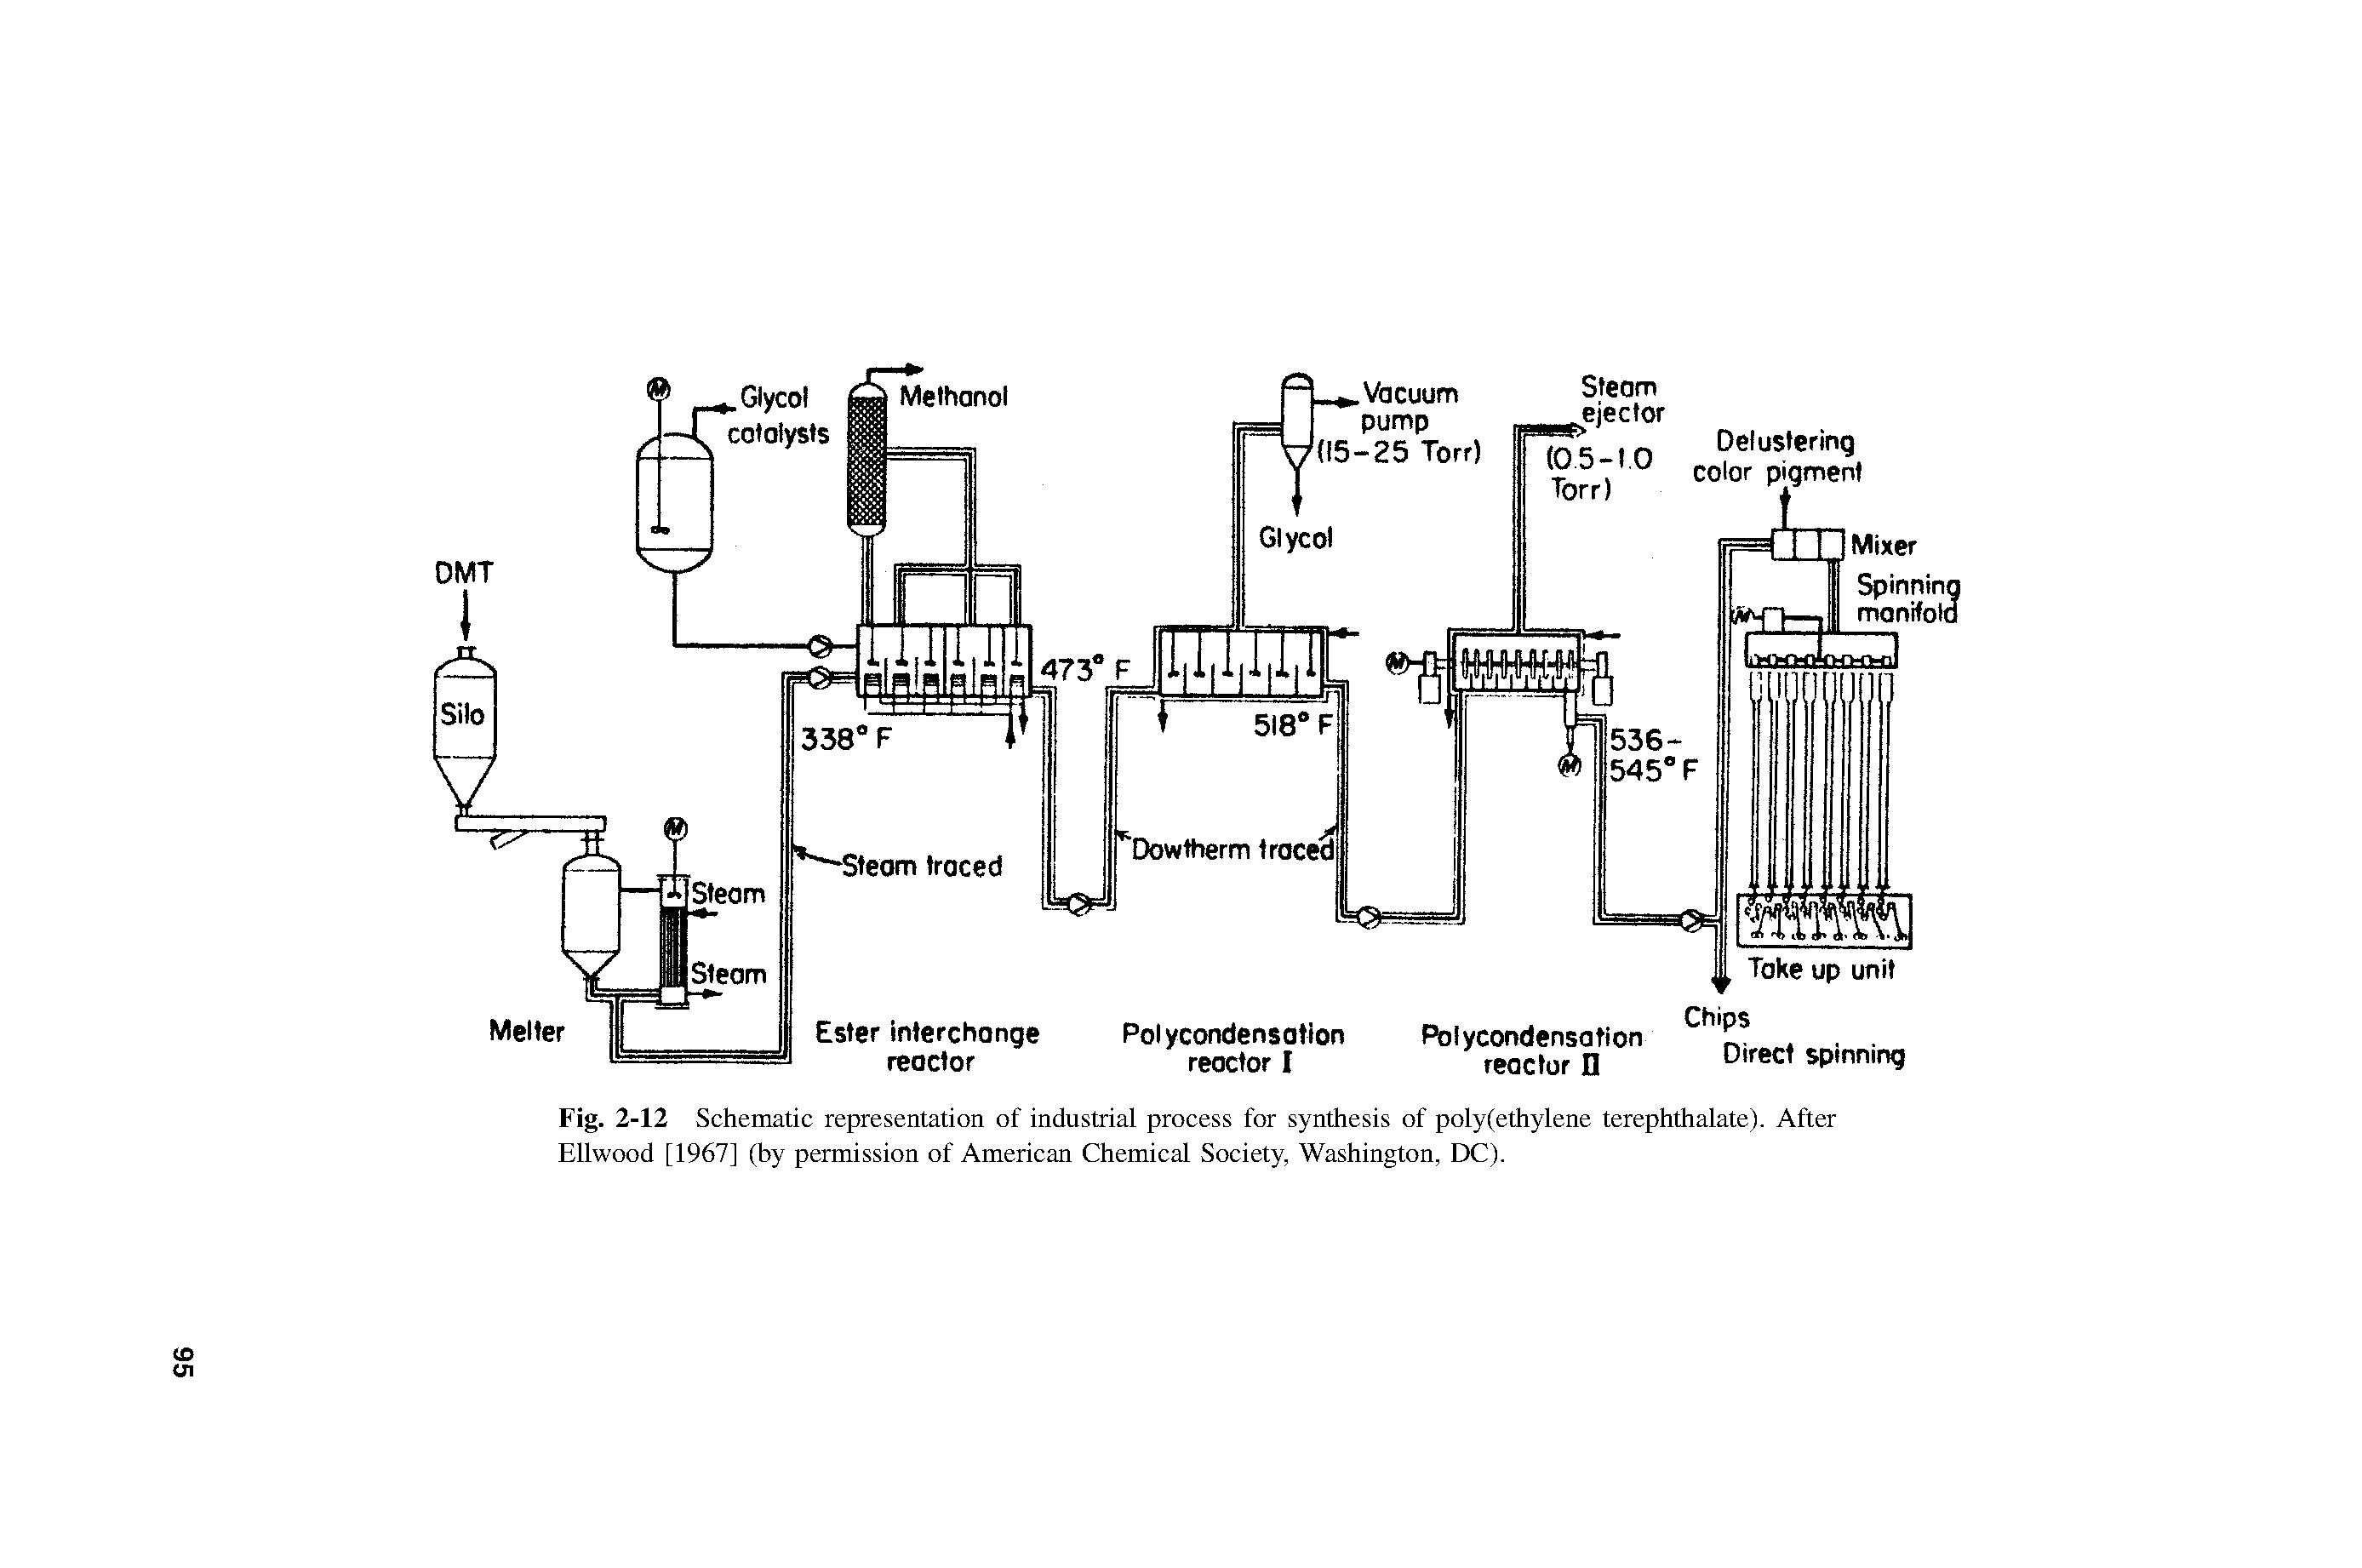 Fig. 2-12 Schematic representation of industrial process for synthesis of poly(ethylene terephthalate). After Ellwood [1967] (by permission of American Chemical Society, Washington, DC).
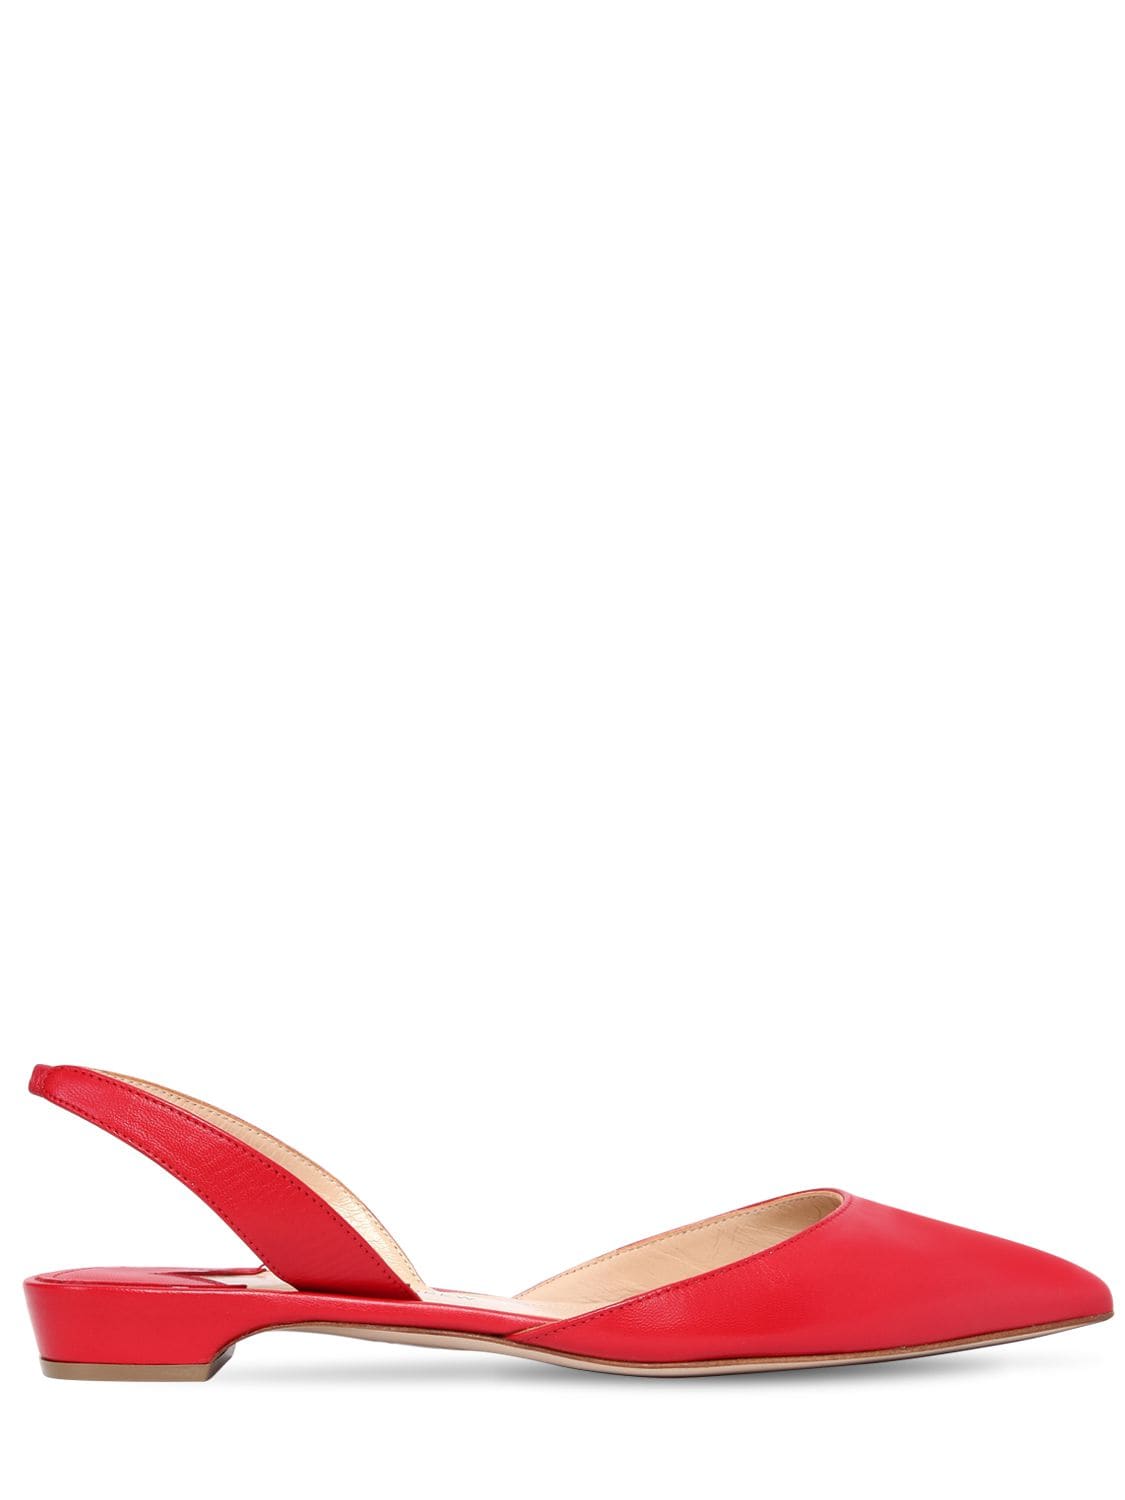 Paul Andrew 15mm Rhea Leather Slingback Flats In Red
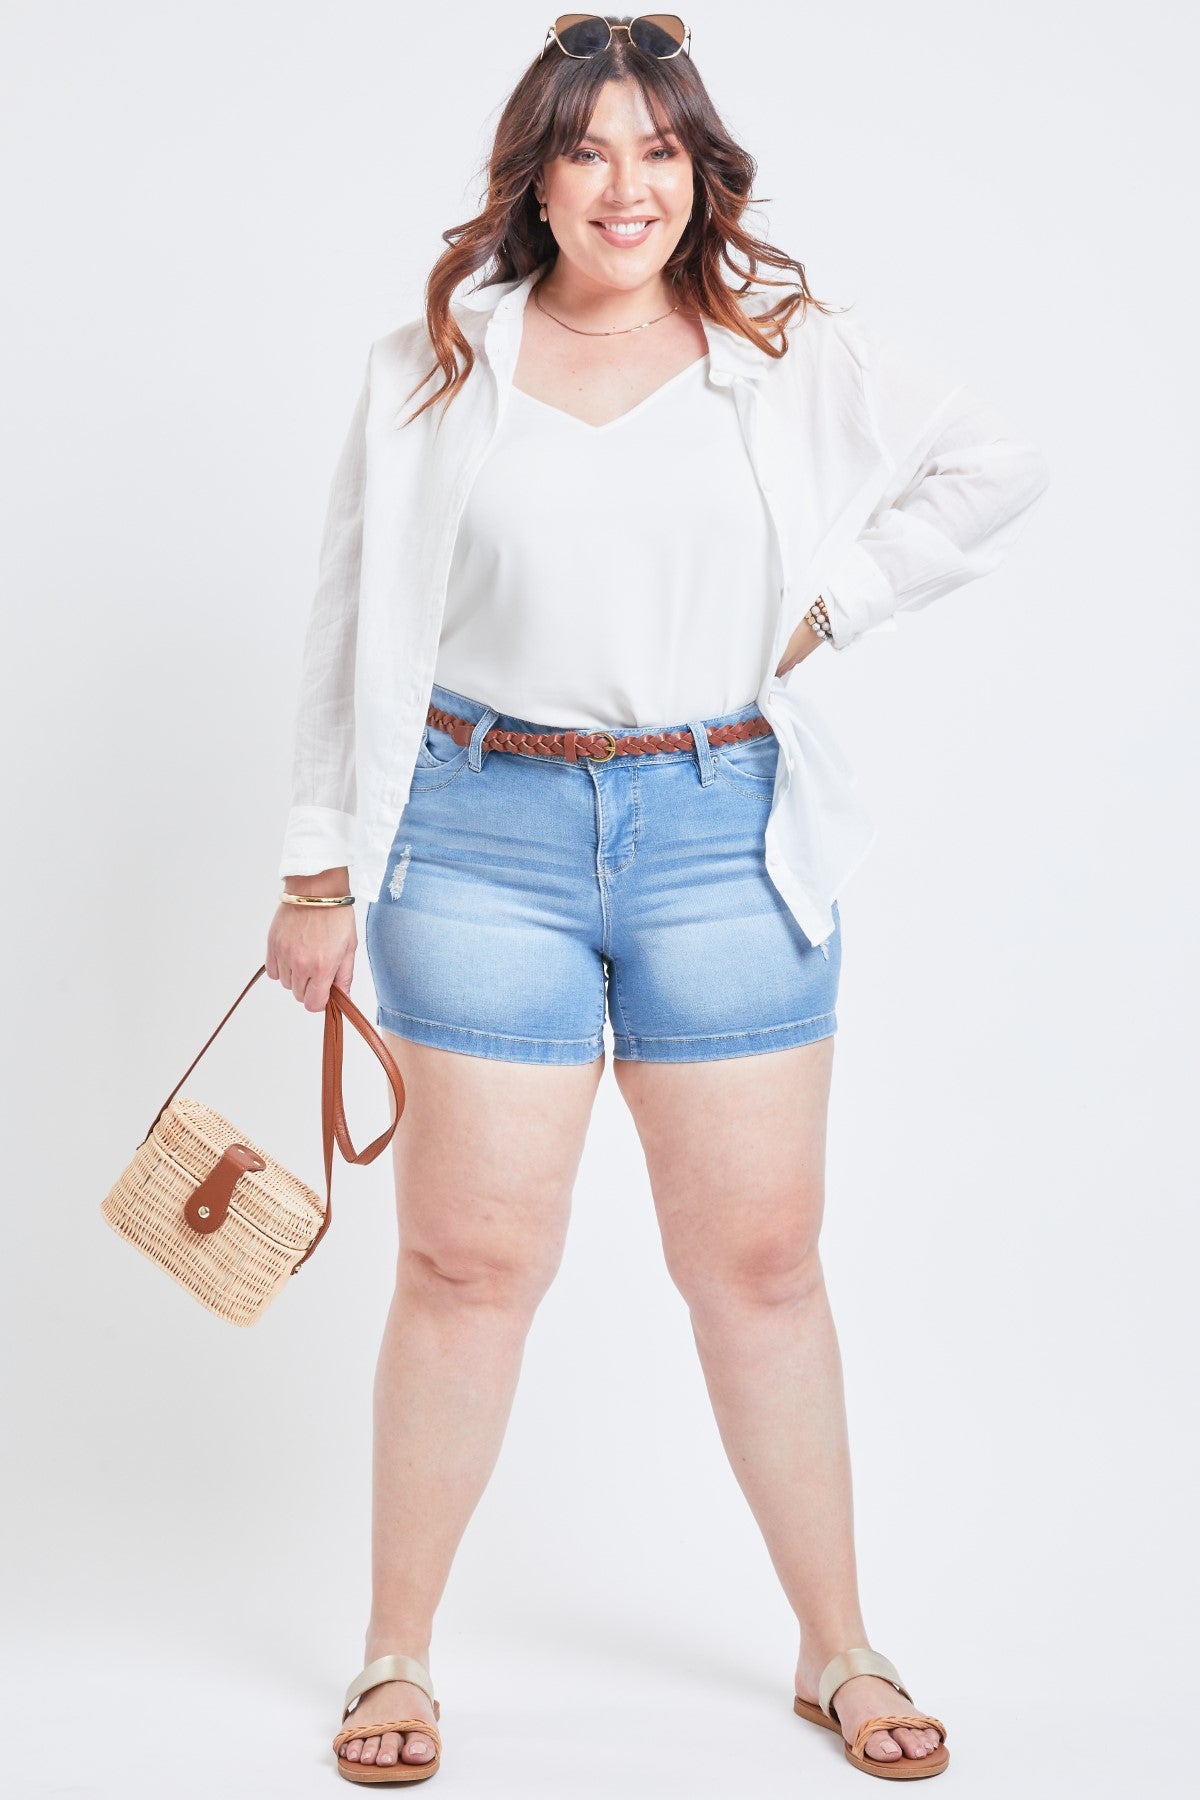 Missy Plus Size Wannabettabutt 1-Button Side Slit Hem Shorts Made With Recycled Fibers 12 Pack

→ **Work task**
Would you retype all the material above exactly, apart from its pictures?

→ **Written reply**
 Fig. 2-12 Schematic representation of industrial process for synthesis of poly(ethylene terephthalate). After Ellwood [1967] (by permission of American Chemical Society, Washington, DC).
 Paul Andrew 15mm Rhea Leather Slingback Flats In Red
 Missy Plus Size Wannabettabutt 1-Button Side Slit Hem Shorts Made With Recycled Fibers 12 Pack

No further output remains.